* Dataset entries:
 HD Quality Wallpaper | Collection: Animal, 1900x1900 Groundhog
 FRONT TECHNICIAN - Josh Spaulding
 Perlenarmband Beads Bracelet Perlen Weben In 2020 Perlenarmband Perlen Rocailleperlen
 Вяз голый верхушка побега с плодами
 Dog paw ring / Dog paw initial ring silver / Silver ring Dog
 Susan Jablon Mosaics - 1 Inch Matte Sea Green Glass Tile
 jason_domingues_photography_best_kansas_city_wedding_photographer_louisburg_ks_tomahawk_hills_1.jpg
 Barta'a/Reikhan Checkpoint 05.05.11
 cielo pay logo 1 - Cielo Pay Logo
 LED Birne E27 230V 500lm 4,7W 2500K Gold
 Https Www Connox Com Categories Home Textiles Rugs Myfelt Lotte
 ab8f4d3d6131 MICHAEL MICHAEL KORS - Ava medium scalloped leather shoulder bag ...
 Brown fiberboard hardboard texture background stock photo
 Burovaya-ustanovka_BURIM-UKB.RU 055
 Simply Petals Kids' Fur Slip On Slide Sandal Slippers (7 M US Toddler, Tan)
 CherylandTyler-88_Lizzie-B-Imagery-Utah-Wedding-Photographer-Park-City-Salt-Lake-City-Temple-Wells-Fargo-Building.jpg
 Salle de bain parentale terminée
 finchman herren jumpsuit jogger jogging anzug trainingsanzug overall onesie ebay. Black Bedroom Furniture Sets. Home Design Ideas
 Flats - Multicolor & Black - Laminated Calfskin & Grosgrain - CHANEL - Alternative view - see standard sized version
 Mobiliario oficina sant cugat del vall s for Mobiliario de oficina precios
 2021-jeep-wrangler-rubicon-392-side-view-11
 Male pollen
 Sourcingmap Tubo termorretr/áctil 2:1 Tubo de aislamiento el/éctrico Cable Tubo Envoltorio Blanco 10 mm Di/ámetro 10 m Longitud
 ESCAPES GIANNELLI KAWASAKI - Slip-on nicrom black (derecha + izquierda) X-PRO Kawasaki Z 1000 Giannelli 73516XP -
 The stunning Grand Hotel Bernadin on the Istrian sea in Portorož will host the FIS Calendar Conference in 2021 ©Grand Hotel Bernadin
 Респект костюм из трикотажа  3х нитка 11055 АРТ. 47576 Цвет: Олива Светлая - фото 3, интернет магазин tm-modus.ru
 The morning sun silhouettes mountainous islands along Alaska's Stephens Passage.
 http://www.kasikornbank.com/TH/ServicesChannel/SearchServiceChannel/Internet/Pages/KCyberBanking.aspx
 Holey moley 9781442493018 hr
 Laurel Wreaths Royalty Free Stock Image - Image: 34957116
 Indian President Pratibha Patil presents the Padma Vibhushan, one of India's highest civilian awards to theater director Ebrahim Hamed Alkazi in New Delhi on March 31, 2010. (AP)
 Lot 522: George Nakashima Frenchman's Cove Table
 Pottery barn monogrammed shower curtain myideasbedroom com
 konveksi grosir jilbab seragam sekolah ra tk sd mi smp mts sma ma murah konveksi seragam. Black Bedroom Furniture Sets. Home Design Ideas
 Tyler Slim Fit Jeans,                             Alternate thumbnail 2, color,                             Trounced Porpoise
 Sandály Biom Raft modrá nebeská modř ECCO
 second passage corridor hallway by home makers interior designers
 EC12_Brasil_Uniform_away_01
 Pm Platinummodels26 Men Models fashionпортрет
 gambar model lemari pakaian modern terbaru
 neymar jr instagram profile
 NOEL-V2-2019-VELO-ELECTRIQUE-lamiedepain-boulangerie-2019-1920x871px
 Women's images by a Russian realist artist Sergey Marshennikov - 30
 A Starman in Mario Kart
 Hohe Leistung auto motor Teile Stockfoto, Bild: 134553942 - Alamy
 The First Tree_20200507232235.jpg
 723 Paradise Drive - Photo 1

* What you need to do:
Repeat each entry above exactly as shown.

* Answer below:
 HD Quality Wallpaper | Collection: Animal, 1900x1900 Groundhog
 FRONT TECHNICIAN - Josh Spaulding
 Perlenarmband Beads Bracelet Perlen Weben In 2020 Perlenarmband Perlen Rocailleperlen
 Вяз голый верхушка побега с плодами
 Dog paw ring / Dog paw initial ring silver / Silver ring Dog
 Susan Jablon Mosaics - 1 Inch Matte Sea Green Glass Tile
 jason_domingues_photography_best_kansas_city_wedding_photographer_louisburg_ks_tomahawk_hills_1.jpg
 Barta'a/Reikhan Checkpoint 05.05.11
 cielo pay logo 1 - Cielo Pay Logo
 LED Birne E27 230V 500lm 4,7W 2500K Gold
 Https Www Connox Com Categories Home Textiles Rugs Myfelt Lotte
 ab8f4d3d6131 MICHAEL MICHAEL KORS - Ava medium scalloped leather shoulder bag ...
 Brown fiberboard hardboard texture background stock photo
 Burovaya-ustanovka_BURIM-UKB.RU 055
 Simply Petals Kids' Fur Slip On Slide Sandal Slippers (7 M US Toddler, Tan)
 CherylandTyler-88_Lizzie-B-Imagery-Utah-Wedding-Photographer-Park-City-Salt-Lake-City-Temple-Wells-Fargo-Building.jpg
 Salle de bain parentale terminée
 finchman herren jumpsuit jogger jogging anzug trainingsanzug overall onesie ebay. Black Bedroom Furniture Sets. Home Design Ideas
 Flats - Multicolor & Black - Laminated Calfskin & Grosgrain - CHANEL - Alternative view - see standard sized version
 Mobiliario oficina sant cugat del vall s for Mobiliario de oficina precios
 2021-jeep-wrangler-rubicon-392-side-view-11
 Male pollen
 Sourcingmap Tubo termorretr/áctil 2:1 Tubo de aislamiento el/éctrico Cable Tubo Envoltorio Blanco 10 mm Di/ámetro 10 m Longitud
 ESCAPES GIANNELLI KAWASAKI - Slip-on nicrom black (derecha + izquierda) X-PRO Kawasaki Z 1000 Giannelli 73516XP -
 The stunning Grand Hotel Bernadin on the Istrian sea in Portorož will host the FIS Calendar Conference in 2021 ©Grand Hotel Bernadin
 Респект костюм из трикотажа  3х нитка 11055 АРТ. 47576 Цвет: Олива Светлая - фото 3, интернет магазин tm-modus.ru
 The morning sun silhouettes mountainous islands along Alaska's Stephens Passage.
 http://www.kasikornbank.com/TH/ServicesChannel/SearchServiceChannel/Internet/Pages/KCyberBanking.aspx
 Holey moley 9781442493018 hr
 Laurel Wreaths Royalty Free Stock Image - Image: 34957116
 Indian President Pratibha Patil presents the Padma Vibhushan, one of India's highest civilian awards to theater director Ebrahim Hamed Alkazi in New Delhi on March 31, 2010. (AP)
 Lot 522: George Nakashima Frenchman's Cove Table
 Pottery barn monogrammed shower curtain myideasbedroom com
 konveksi grosir jilbab seragam sekolah ra tk sd mi smp mts sma ma murah konveksi seragam. Black Bedroom Furniture Sets. Home Design Ideas
 Tyler Slim Fit Jeans,                             Alternate thumbnail 2, color,                             Trounced Porpoise
 Sandály Biom Raft modrá nebeská modř ECCO
 second passage corridor hallway by home makers interior designers
 EC12_Brasil_Uniform_away_01
 Pm Platinummodels26 Men Models fashionпортрет
 gambar model lemari pakaian modern terbaru
 neymar jr instagram profile
 NOEL-V2-2019-VELO-ELECTRIQUE-lamiedepain-boulangerie-2019-1920x871px
 Women's images by a Russian realist artist Sergey Marshennikov - 30
 A Starman in Mario Kart
 Hohe Leistung auto motor Teile Stockfoto, Bild: 134553942 - Alamy
 The First Tree_20200507232235.jpg
 723 Paradise Drive - Photo 1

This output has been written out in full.